What is the logic in using the restore-keys field in the GitHub cache action?


I am trying to understand how to use the cache action in GitHub to cache dependencies.

In particular, I am struggling with the concept of the "fallback" restore-keys. In the example given in the documentation, we have:

      - name: Cache node modules
        id: cache-npm
        uses: actions/cache@v3
        env:
          cache-name: cache-node-modules
        with:
          # npm cache files are stored in `~/.npm` on Linux/macOS
          path: ~/.npm
          key: ${{ runner.os }}-build-${{ env.cache-name }}-${{ hashFiles('**/package-lock.json') }}
          restore-keys: |
            ${{ runner.os }}-build-${{ env.cache-name }}-
            ${{ runner.os }}-build-
            ${{ runner.os }}-

With key, I understand that a specific match on the hash of certain files is being attempted. If there is a miss on this, the restore-keys are examined in turn, and these attempt increasingly less specific matches.

What I don't get is why these would be assumed to yield acceptable alternatives. If the key relies on matching certain files, why would a weaker match suffice, and if it would suffice, why go to the trouble of caching for specific hashes?

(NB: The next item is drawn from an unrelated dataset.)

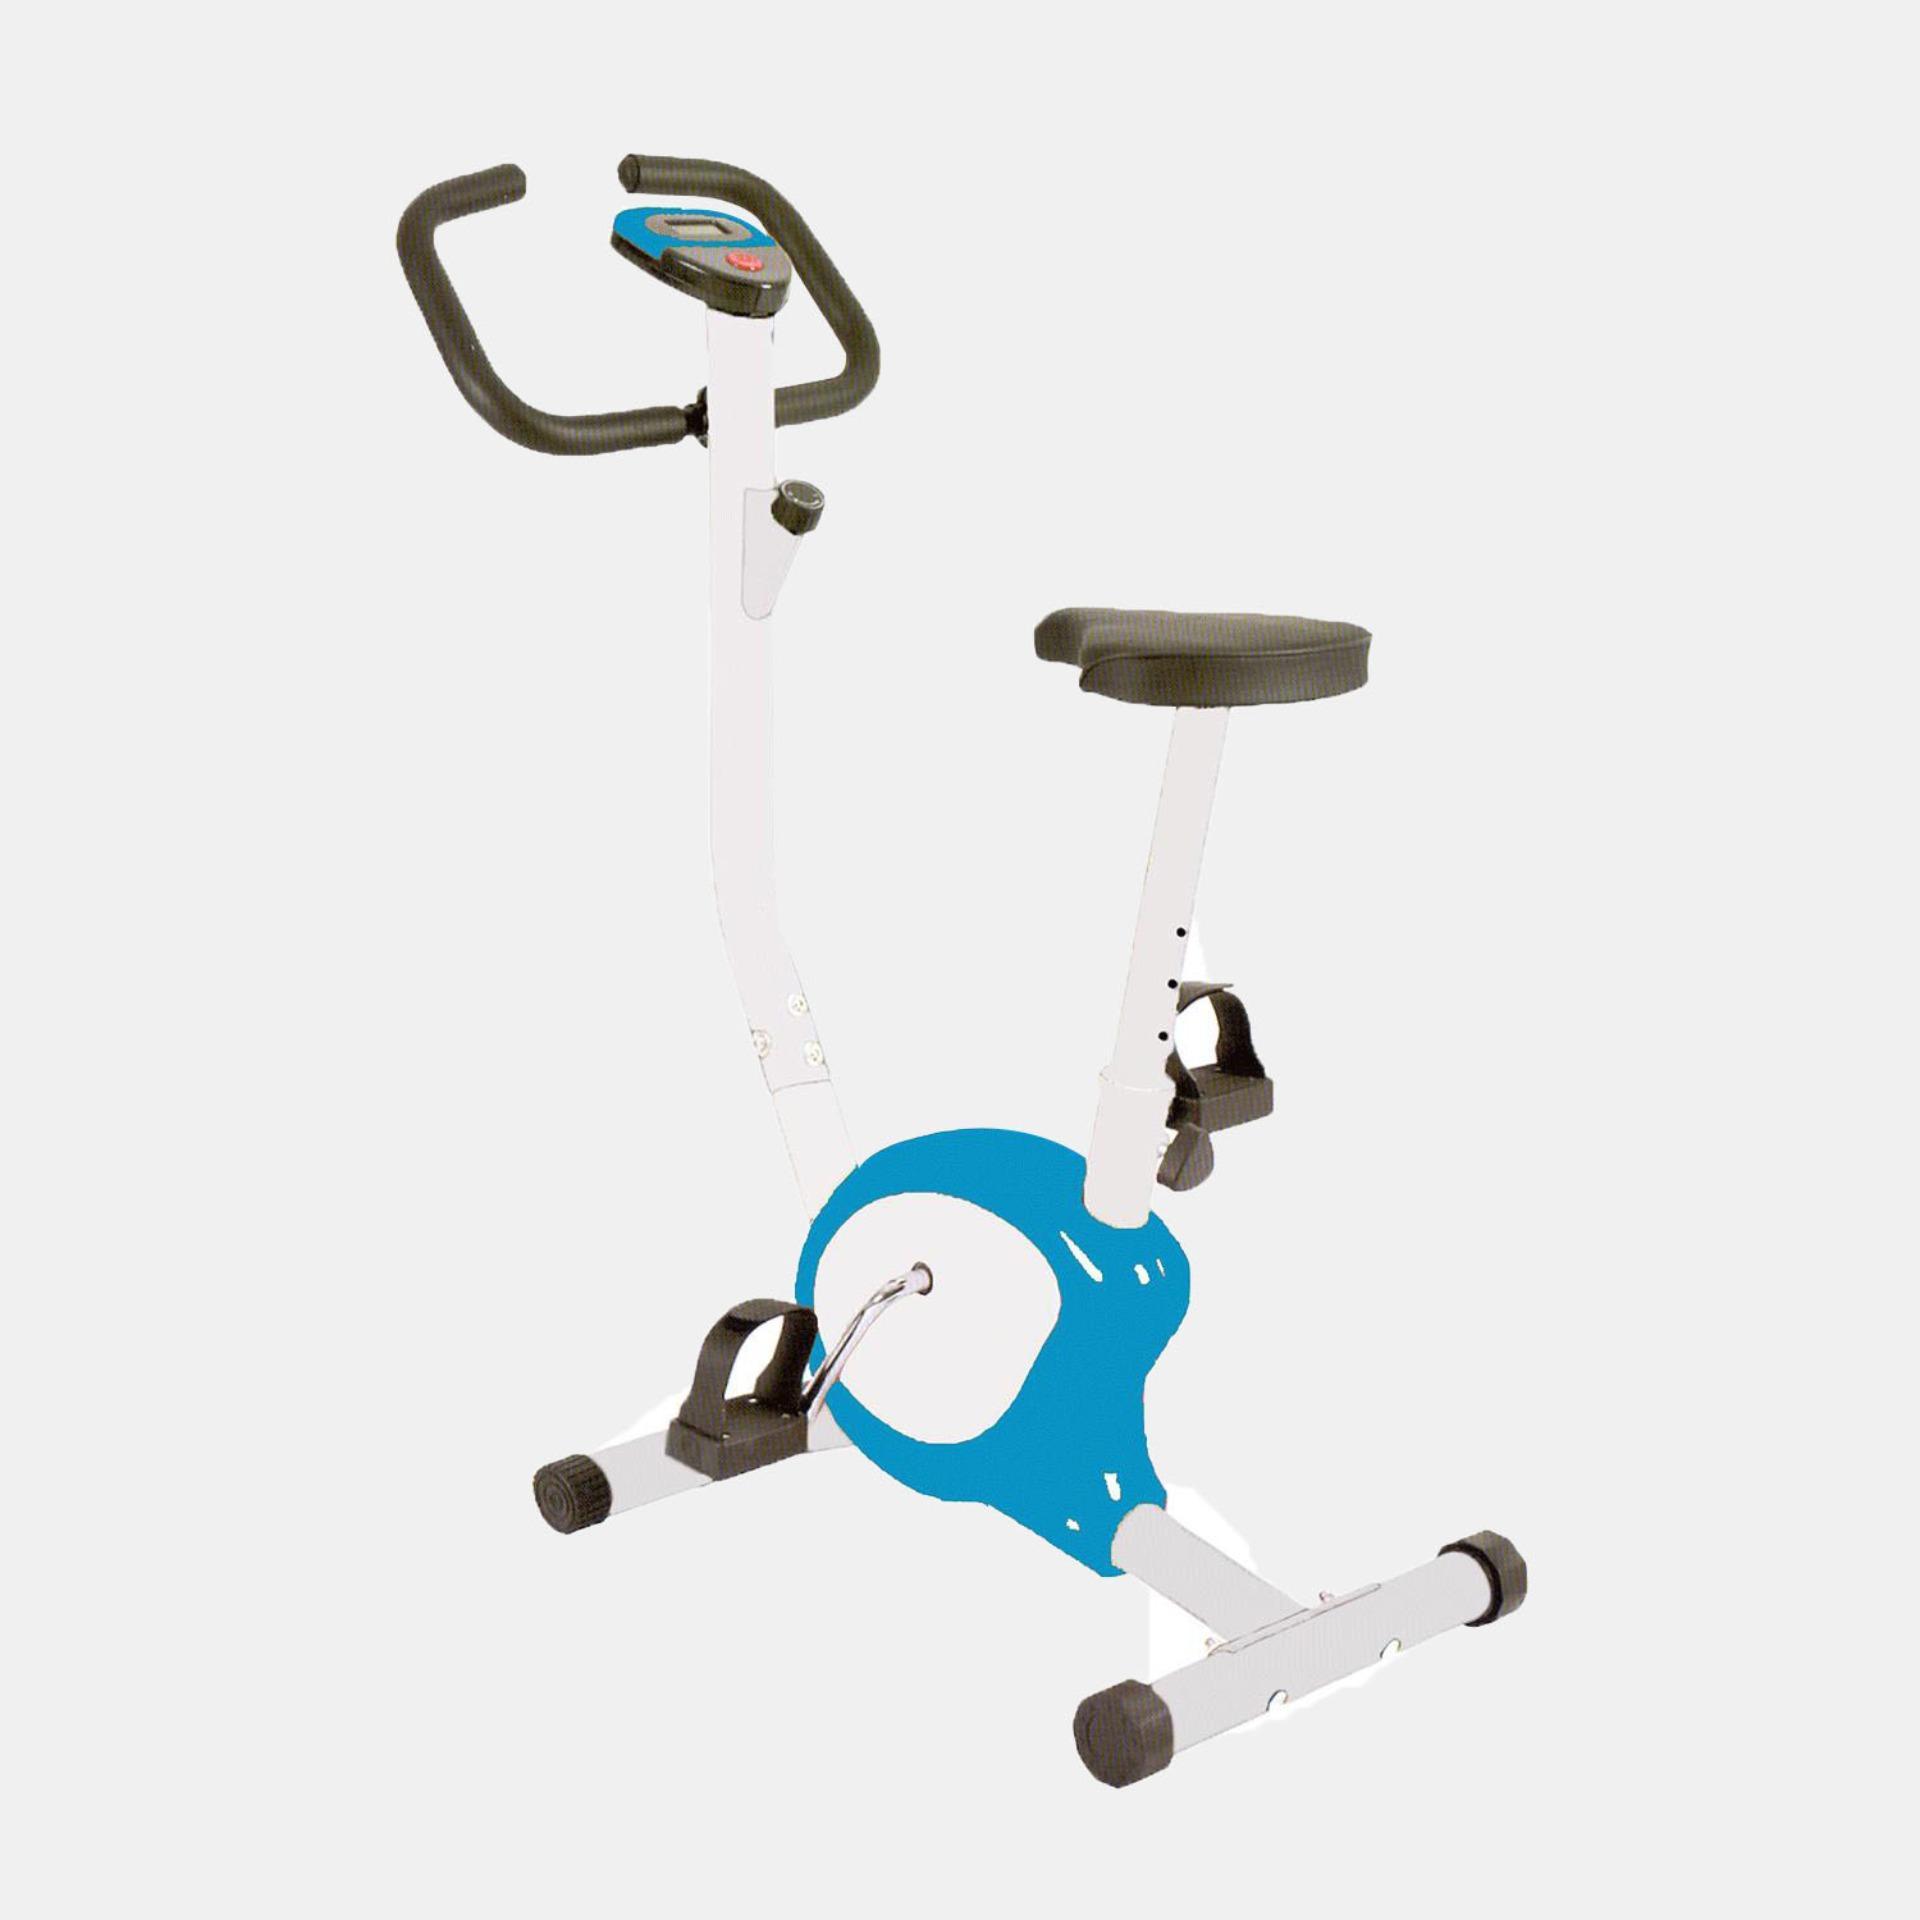 Jual Sepeda Kardio Fitness Terbaik Sepatu Olahraga Lari Lokal  Fans Veloz N Total Statis Tl 8215 Mini Bike Exercise

I am trying to understand this in the context of a task that performs a code generation activity, and the generated code is cached. The key in this case is a hash of the input files on which the generated code depends. This makes sense. But there is also a weaker restore-key that ignores the input file hash. As in my question above, I can't understand why a hit on the restore-key would be suitable because presumably this implies that the cached generated code is not a match for the input files.


Solution

  • My understanding of that example is simply to drive home the feature of using multiple restore-keys strings with decreasing specificity. As shown it implies that there may be other workflows generating caches that might be reusable.

    To expand on this an important concept is that actions/cache@v3 is caching the local filesystem used to store npm's local package cache from a library called cacache

    cacache is a Node.js library for managing local key and content address caches. It's really fast, really good at concurrency, and it will never give you corrupted data, even if cache files get corrupted or manipulated. It was written to be used as npm's local cache

    The npm cache is strictly a cache: it should not be relied upon as a persistent and reliable data store for package data. npm makes no guarantee that a previously-cached piece of data will be available later, and will automatically delete corrupted contents. The primary guarantee that the cache makes is that, if it does return data, that data will be exactly the data that was inserted.

    The take away from these snippets is that older or unrelated cache contents may still be functional, and will be automatically self correcting if not.

    If generating caches with the following name, the following looks for the identical match and restores the filesystem.

    ${{ runner.os }}-build-${{ env.cache-name }}-${{ hashFiles('**/package-lock.json') }}
    

    No identical match found, because the lock file changed, use the newest or latest cache available.

    ${{ runner.os }}-build-${{ env.cache-name }}-
    

    Say you have another workflow in the monorepo that builds a separate node project and it maintains its own cache. It uses a different cache-name. Since this is the first time this workflow has ran it will cache miss until the following and reuse the cache store from a different workflow with a different cache-name

    ${{ runner.os }}-build
    

    This could presumably pull cache files from a workflow that established a cache using a test build e.g. ${{ runner.os }}-test

    ${{ runner.os }}-